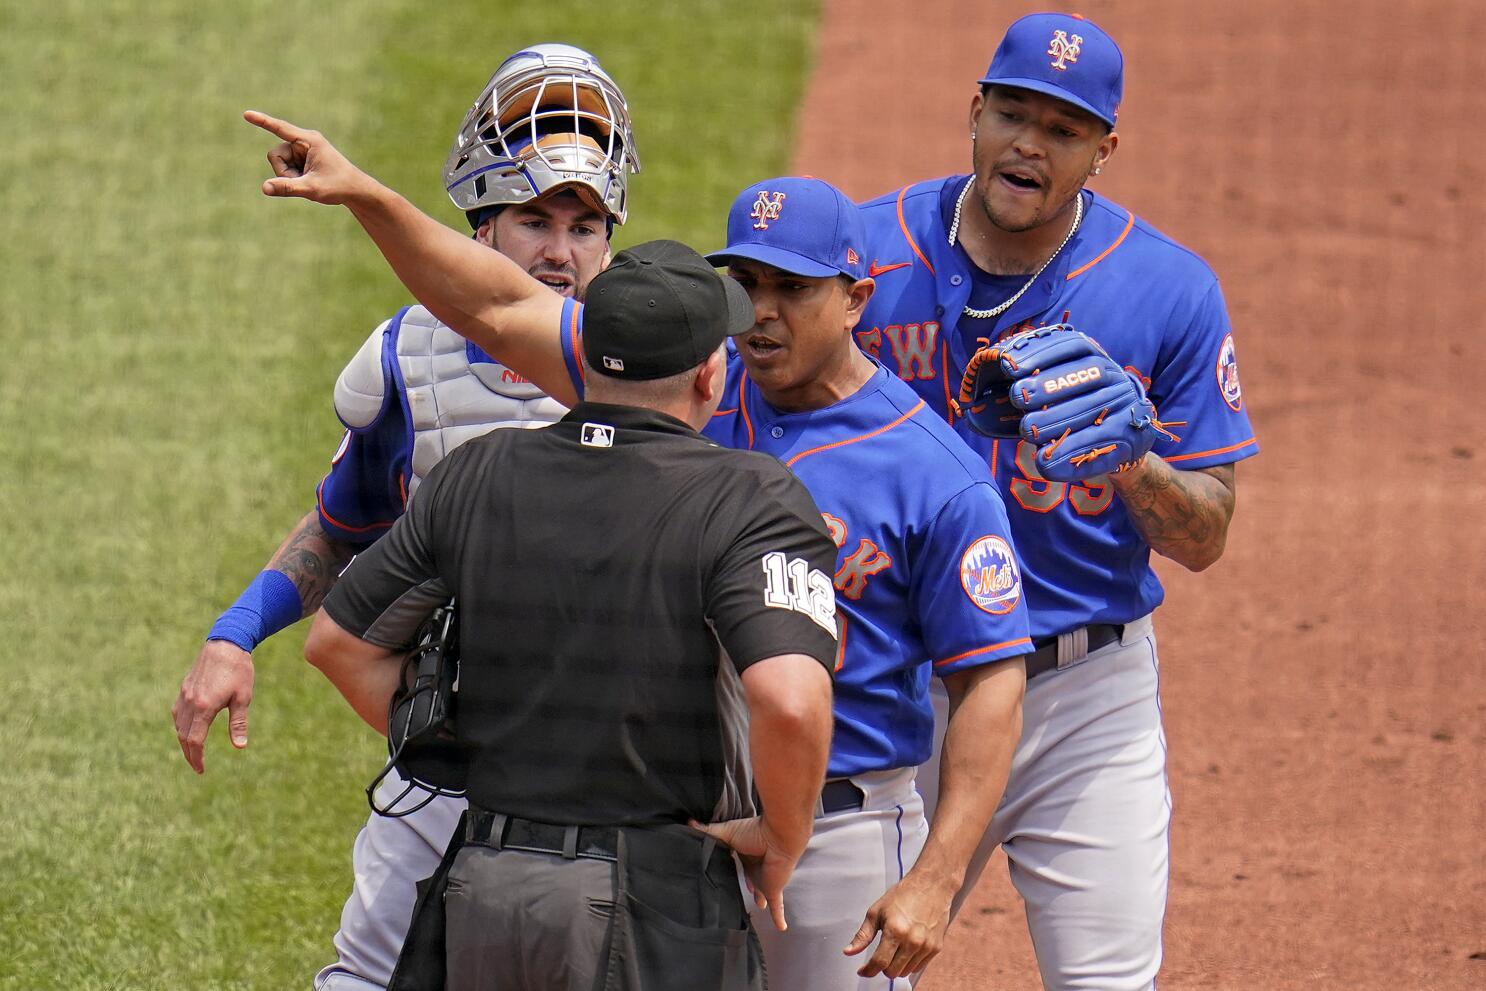 Mets' Rojas suspended two games for outburst, Local Sports
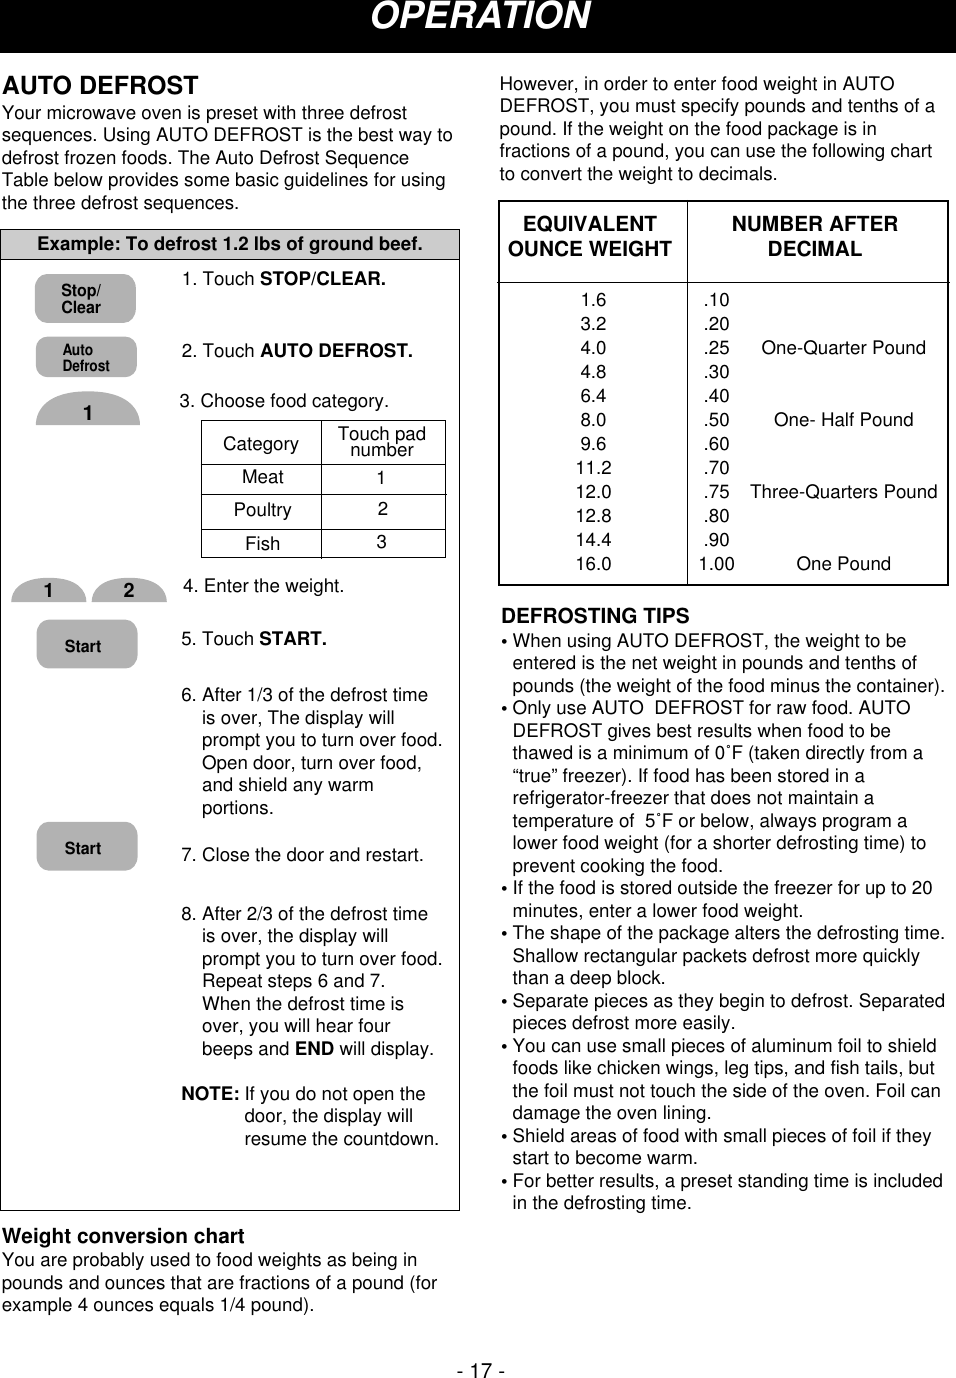 - 17 -OPERATIONWeight conversion chartYou are probably used to food weights as being inpounds and ounces that are fractions of a pound (forexample 4 ounces equals 1/4 pound).However, in order to enter food weight in AUTODEFROST, you must specify pounds and tenths of apound. If the weight on the food package is infractions of a pound, you can use the following chartto convert the weight to decimals.DEFROSTING TIPS• When using AUTO DEFROST, the weight to beentered is the net weight in pounds and tenths ofpounds (the weight of the food minus the container).• Only use AUTO DEFROST for raw food. AUTODEFROST gives best results when food to bethawed is a minimum of 0˚F (taken directly from a“true” freezer). If food has been stored in arefrigerator-freezer that does not maintain atemperature of  5˚F or below, always program alower food weight (for a shorter defrosting time) toprevent cooking the food. • If the food is stored outside the freezer for up to 20minutes, enter a lower food weight.• The shape of the package alters the defrosting time.Shallow rectangular packets defrost more quicklythan a deep block.• Separate pieces as they begin to defrost. Separatedpieces defrost more easily.• You can use small pieces of aluminum foil to shieldfoods like chicken wings, leg tips, and fish tails, butthe foil must not touch the side of the oven. Foil candamage the oven lining.• Shield areas of food with small pieces of foil if theystart to become warm.• For better results, a preset standing time is includedin the defrosting time.NUMBER AFTERDECIMALEQUIVALENTOUNCE WEIGHT.10.20.25.30.40.50.60.70.75.80.901.001.63.24.04.86.48.09.611.212.012.814.416.0One-Quarter PoundOne- Half PoundThree-Quarters PoundOne PoundAUTO DEFROSTYour microwave oven is preset with three defrostsequences. Using AUTO DEFROST is the best way todefrost frozen foods. The Auto Defrost SequenceTable below provides some basic guidelines for usingthe three defrost sequences. 1. Touch STOP/CLEAR.2. Touch AUTO DEFROST.Example: To defrost 1.2 lbs of ground beef.Stop/ClearAutoDefrost11 2StartStartCategoryMeatPoultryFishTouch padnumber1234. Enter the weight.3. Choose food category.5. Touch START.6. After 1/3 of the defrost timeis over, The display willprompt you to turn over food.Open door, turn over food,and shield any warmportions.7. Close the door and restart.8. After 2/3 of the defrost timeis over, the display willprompt you to turn over food.Repeat steps 6 and 7.When the defrost time isover, you will hear fourbeeps and END will display.NOTE: If you do not open thedoor, the display willresume the countdown.
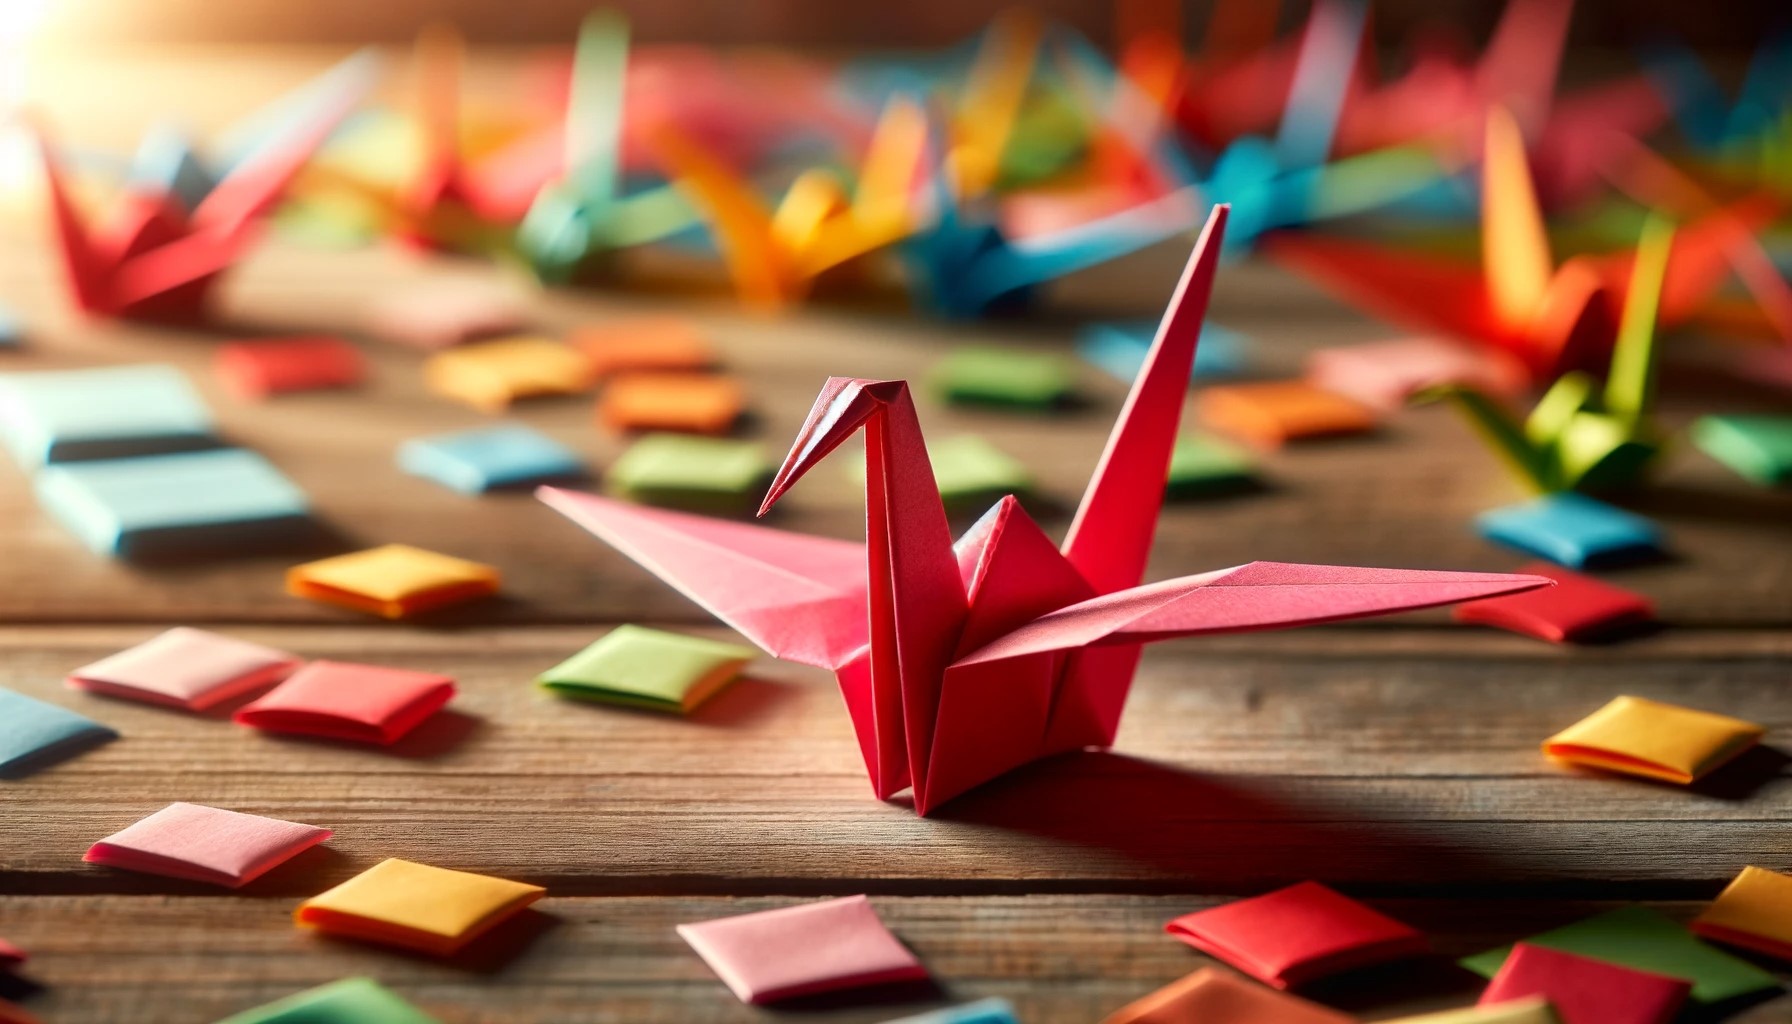 A vibrant origami crane, elegantly folded, sitting on a wooden table surrounded by a few scattered colorful paper squares

···

■ Work required
Copy out all the data exactly; skip the pictures.

■ Output below
 Mets' Rojas suspended two games for outburst, Local Sports
 - 17 -OPERATIONWeight conversion chartYou are probably used to food weights as being inpounds and ounces that are fractions of a pound (forexample 4 ounces equals 1/4 pound).However, in order to enter food weight in AUTODEFROST, you must specify pounds and tenths of apound. If the weight on the food package is infractions of a pound, you can use the following chartto convert the weight to decimals.DEFROSTING TIPS• When using AUTO DEFROST, the weight to beentered is the net weight in pounds and tenths ofpounds (the weight of the food minus the container).• Only use AUTO DEFROST for raw food. AUTODEFROST gives best results when food to bethawed is a minimum of 0˚F (taken directly from a“true” freezer). If food has been stored in arefrigerator-freezer that does not maintain atemperature of  5˚F or below, always program alower food weight (for a shorter defrosting time) toprevent cooking the food. • If the food is stored outside the freezer for up to 20minutes, enter a lower food weight.• The shape of the package alters the defrosting time.Shallow rectangular packets defrost more quicklythan a deep block.• Separate pieces as they begin to defrost. Separatedpieces defrost more easily.• You can use small pieces of aluminum foil to shieldfoods like chicken wings, leg tips, and fish tails, butthe foil must not touch the side of the oven. Foil candamage the oven lining.• Shield areas of food with small pieces of foil if theystart to become warm.• For better results, a preset standing time is includedin the defrosting time.NUMBER AFTERDECIMALEQUIVALENTOUNCE WEIGHT.10.20.25.30.40.50.60.70.75.80.901.001.63.24.04.86.48.09.611.212.012.814.416.0One-Quarter PoundOne- Half PoundThree-Quarters PoundOne PoundAUTO DEFROSTYour microwave oven is preset with three defrostsequences. Using AUTO DEFROST is the best way todefrost frozen foods. The Auto Defrost SequenceTable below provides some basic guidelines for usingthe three defrost sequences. 1. Touch STOP/CLEAR.2. Touch AUTO DEFROST.Example: To defrost 1.2 lbs of ground beef.Stop/ClearAutoDefrost11 2StartStartCategoryMeatPoultryFishTouch padnumber1234. Enter the weight.3. Choose food category.5. Touch START.6. After 1/3 of the defrost timeis over, The display willprompt you to turn over food.Open door, turn over food,and shield any warmportions.7. Close the door and restart.8. After 2/3 of the defrost timeis over, the display willprompt you to turn over food.Repeat steps 6 and 7.When the defrost time isover, you will hear fourbeeps and END will display.NOTE: If you do not open thedoor, the display willresume the countdown.
 A vibrant origami crane, elegantly folded, sitting on a wooden table surrounded by a few scattered colorful paper squares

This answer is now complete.